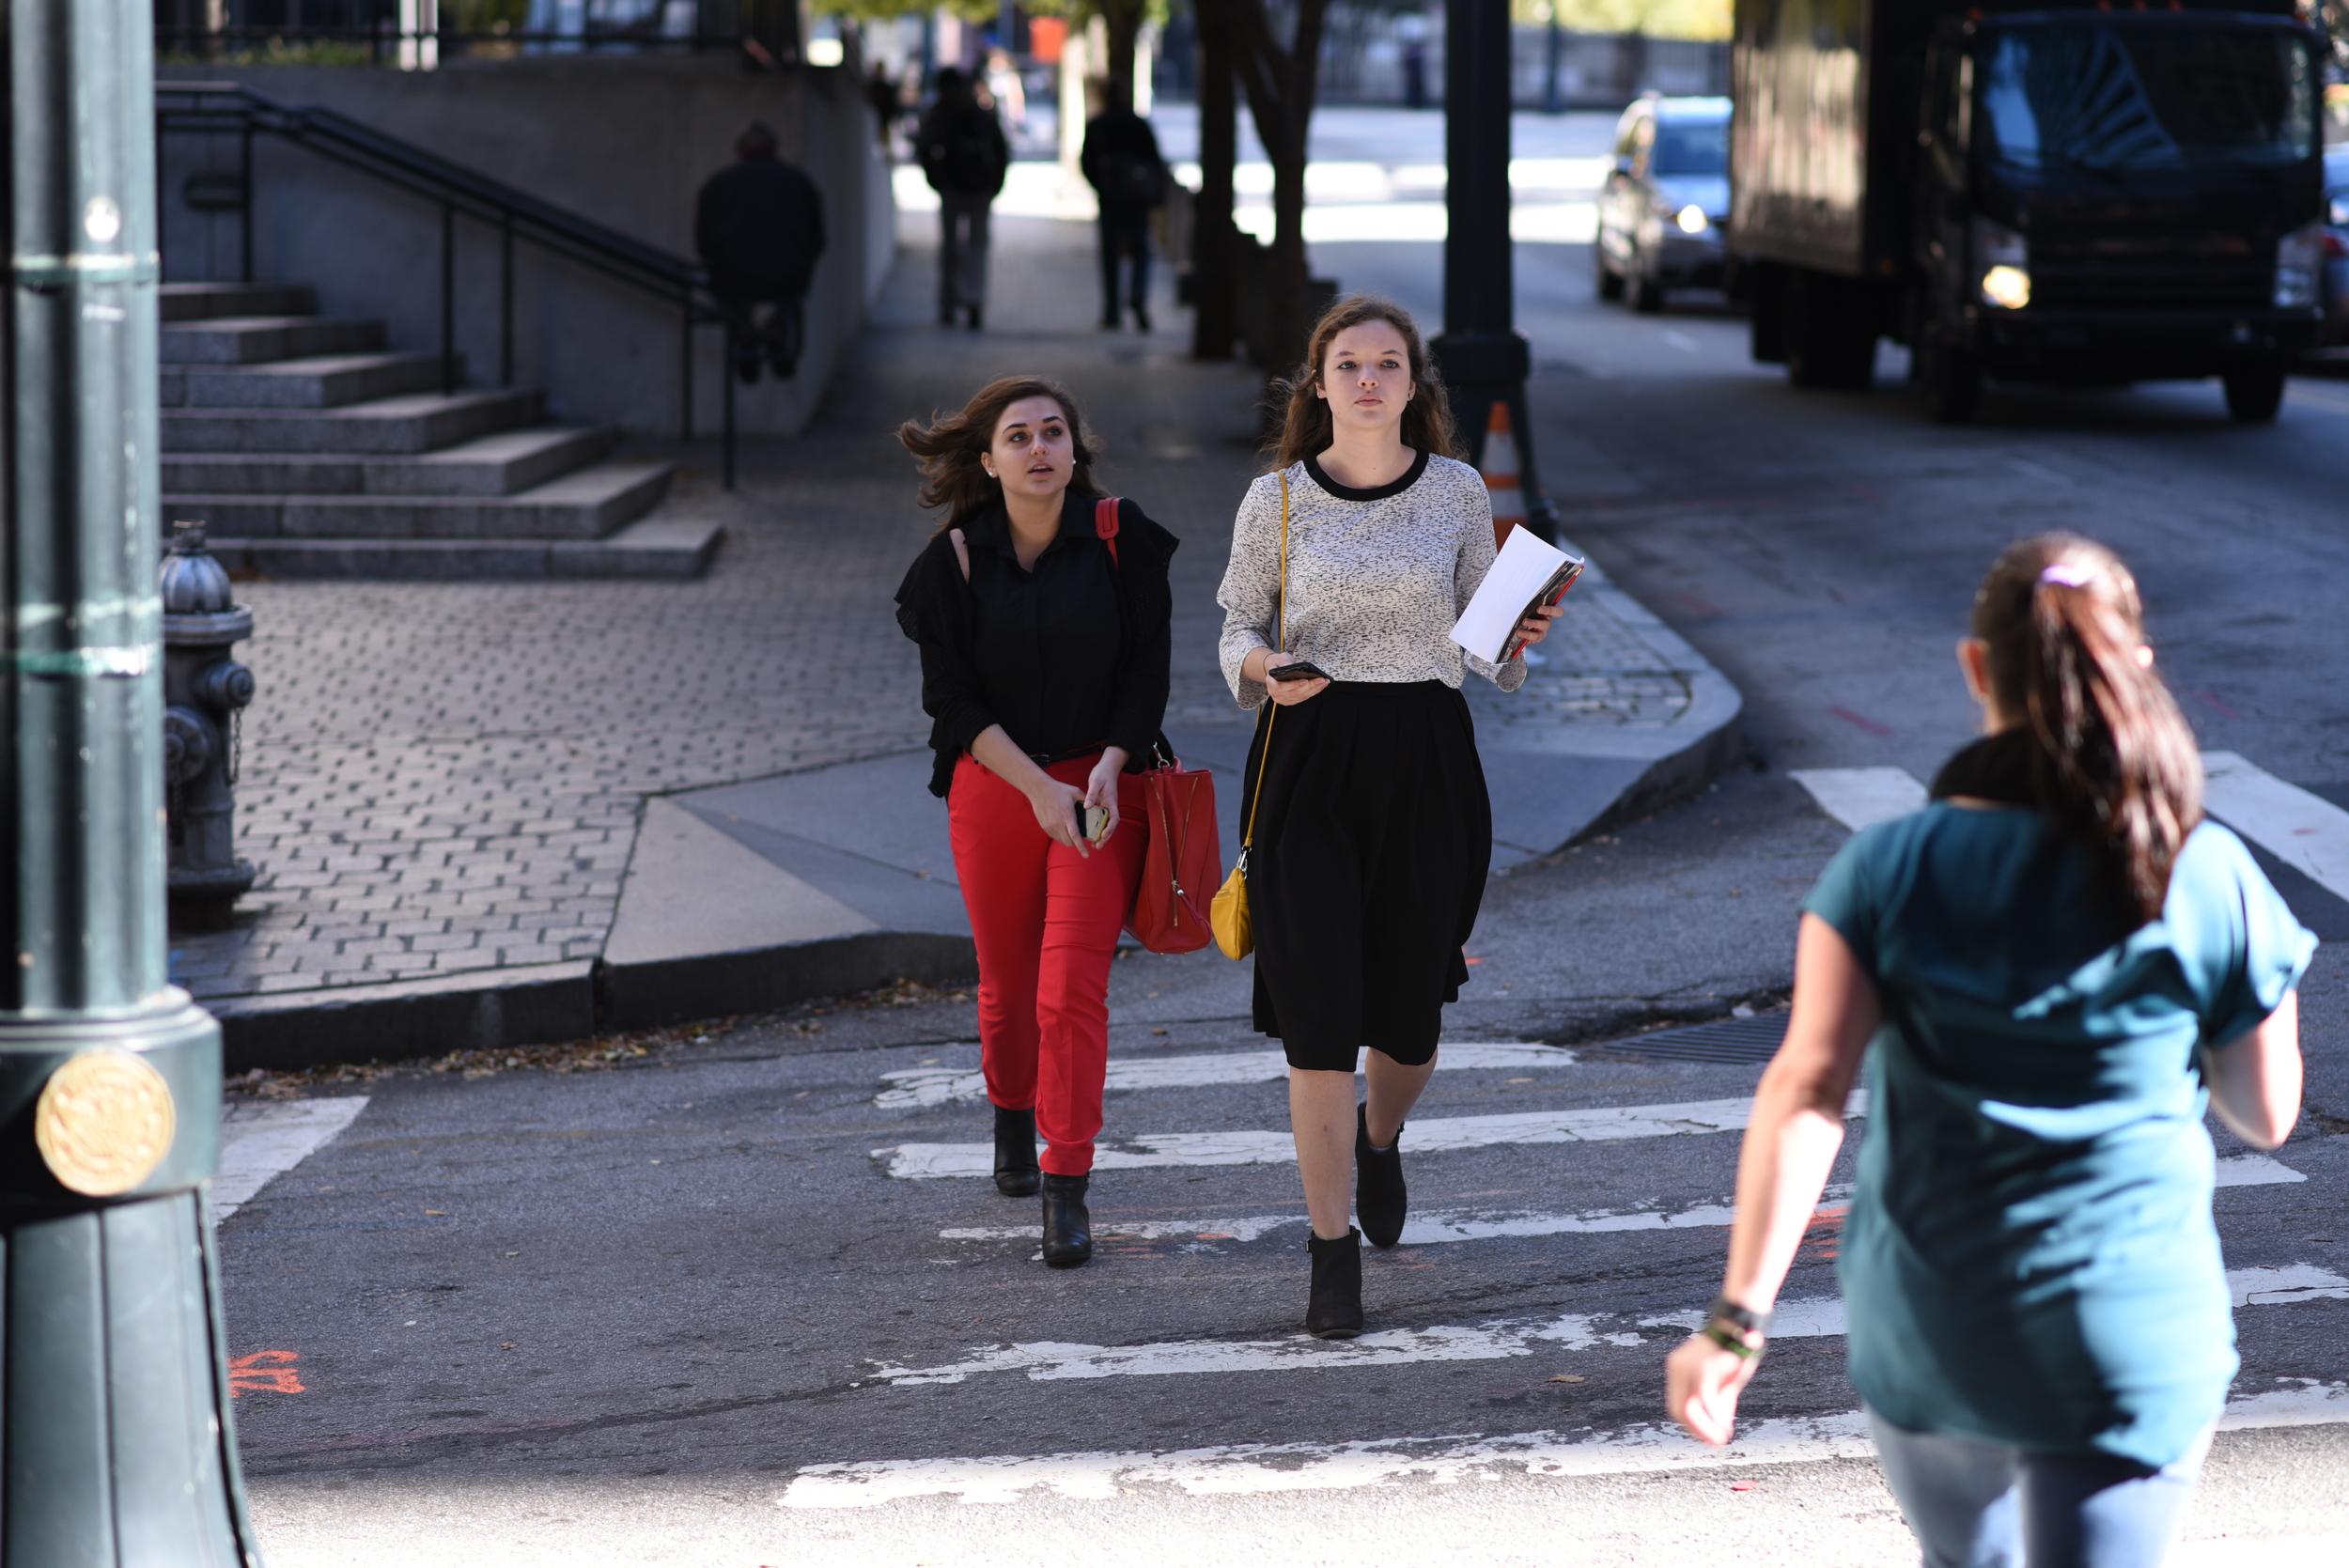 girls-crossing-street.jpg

________

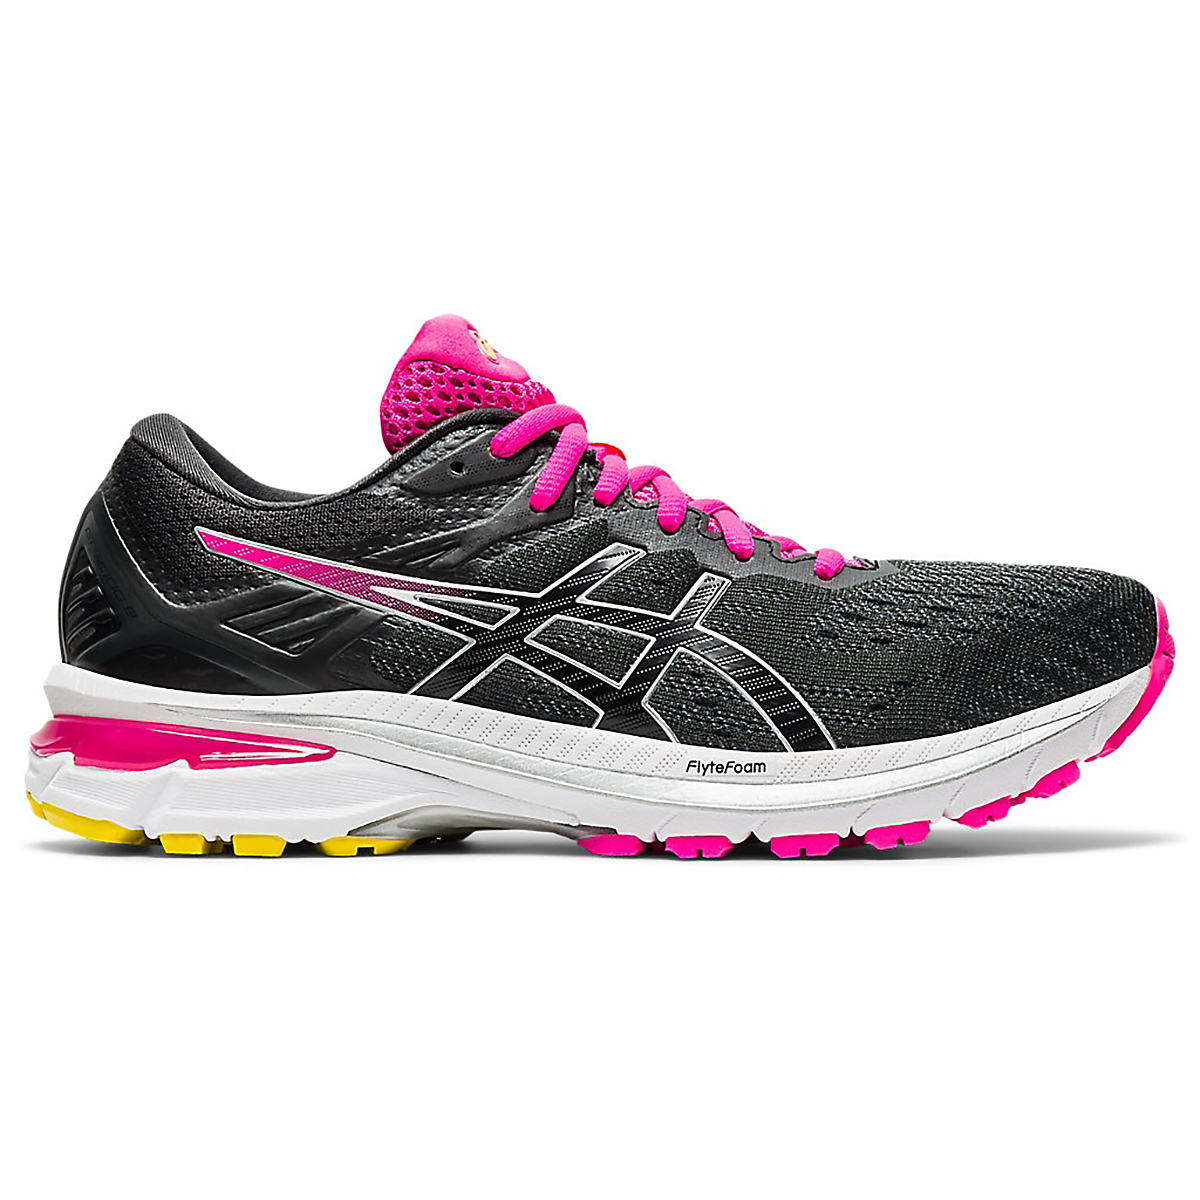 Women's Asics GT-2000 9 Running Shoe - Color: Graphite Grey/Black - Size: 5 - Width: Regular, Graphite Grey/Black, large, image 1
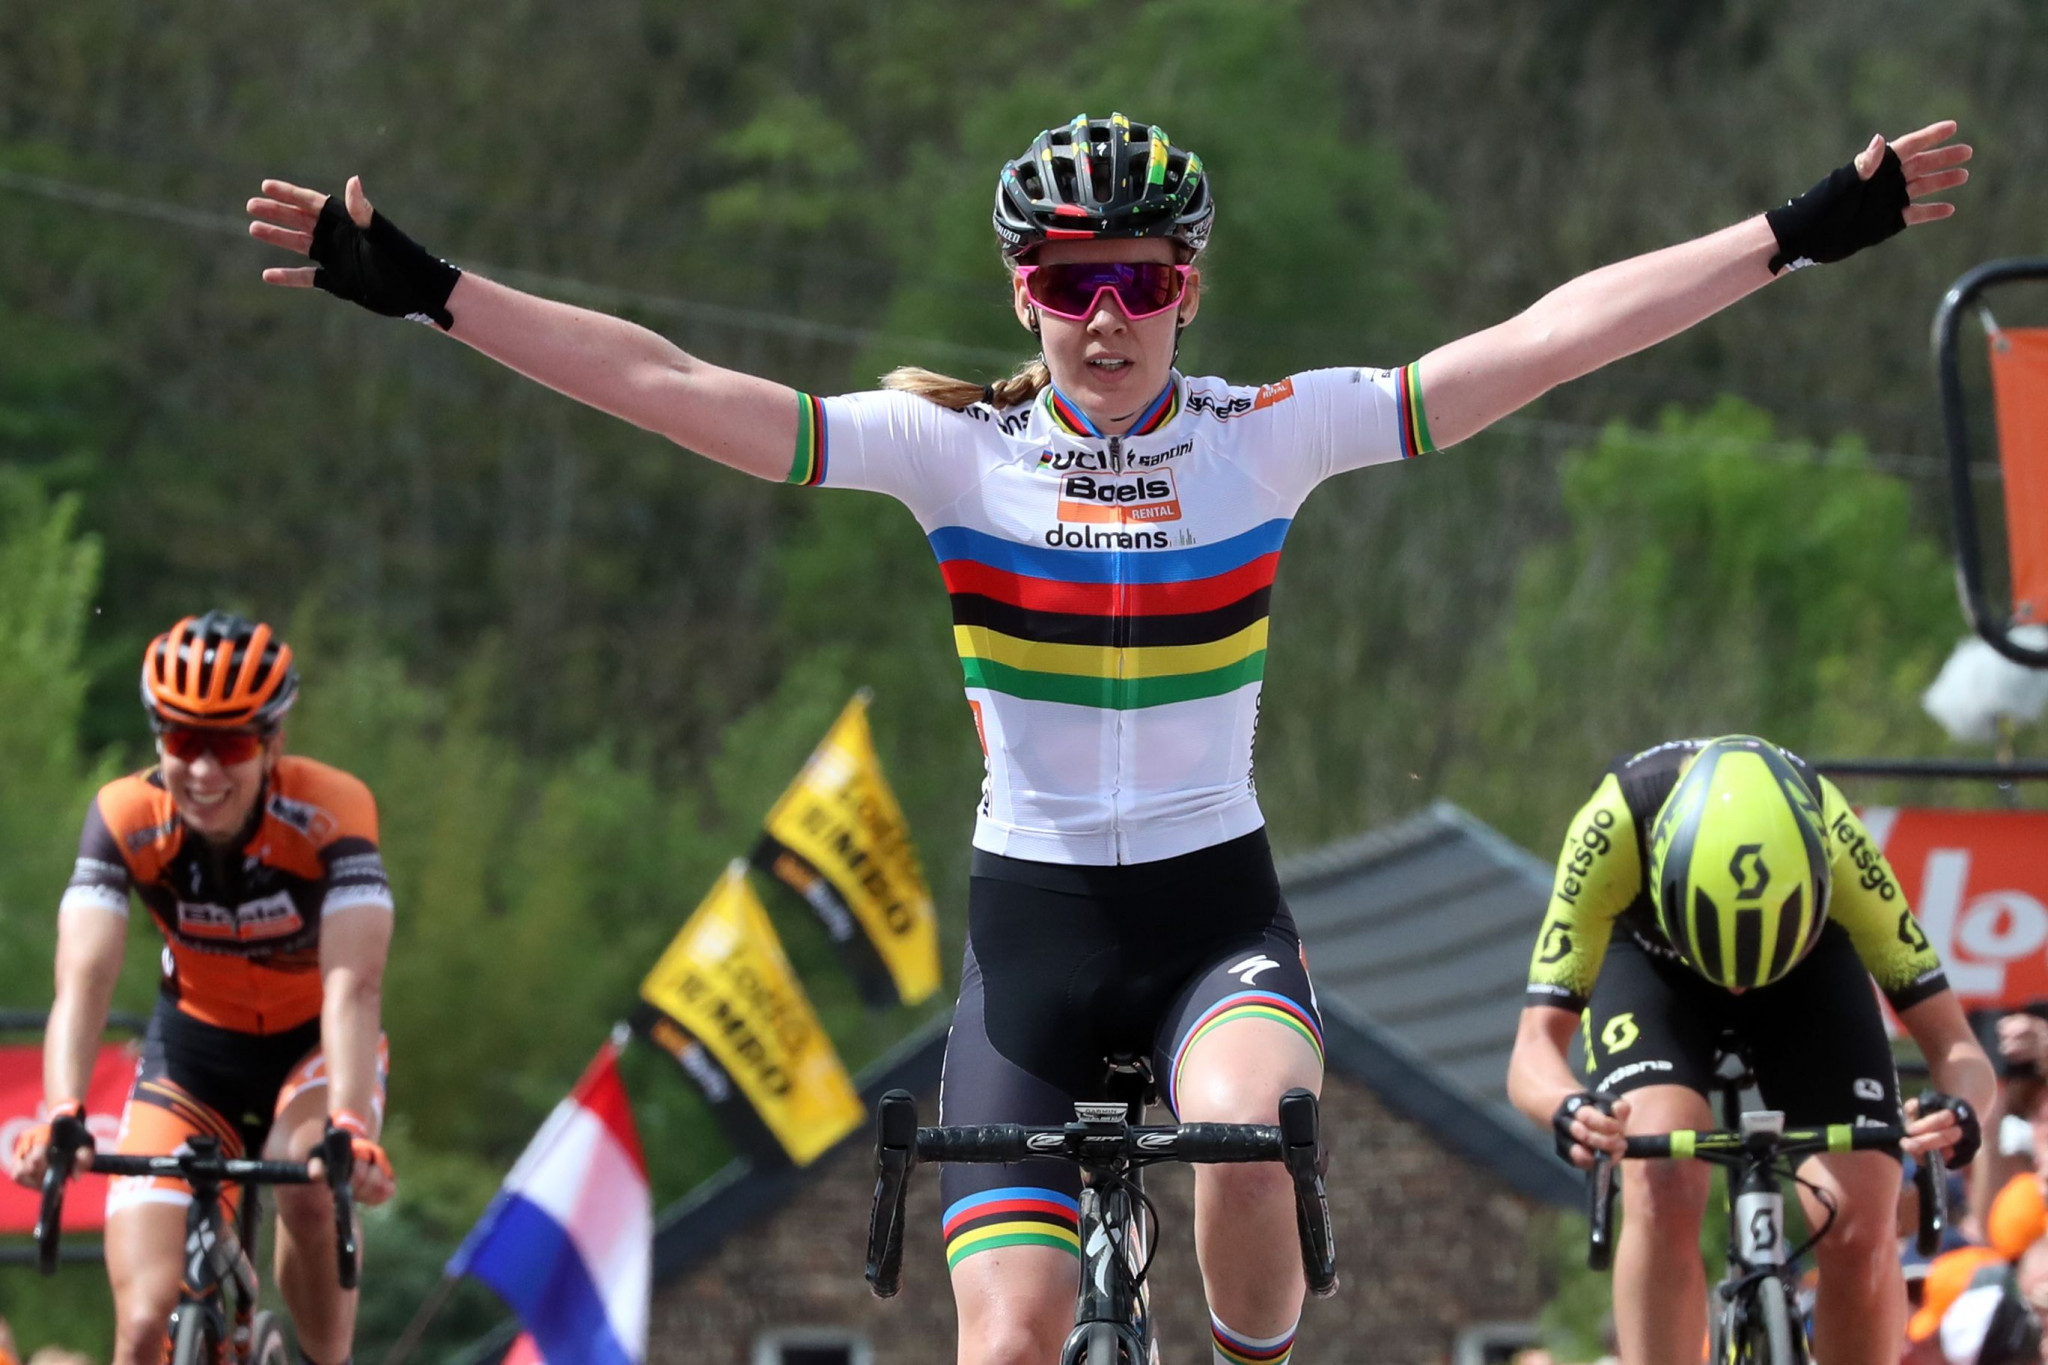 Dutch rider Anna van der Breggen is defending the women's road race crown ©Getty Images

________

Could you transcribe exactly the entries above, but only the lines from the one with "Women's Asics GT-2000" through the one with "Dutch rider Anna", and without pictures?

 Women's Asics GT-2000 9 Running Shoe - Color: Graphite Grey/Black - Size: 5 - Width: Regular, Graphite Grey/Black, large, image 1
 Dutch rider Anna van der Breggen is defending the women's road race crown ©Getty Images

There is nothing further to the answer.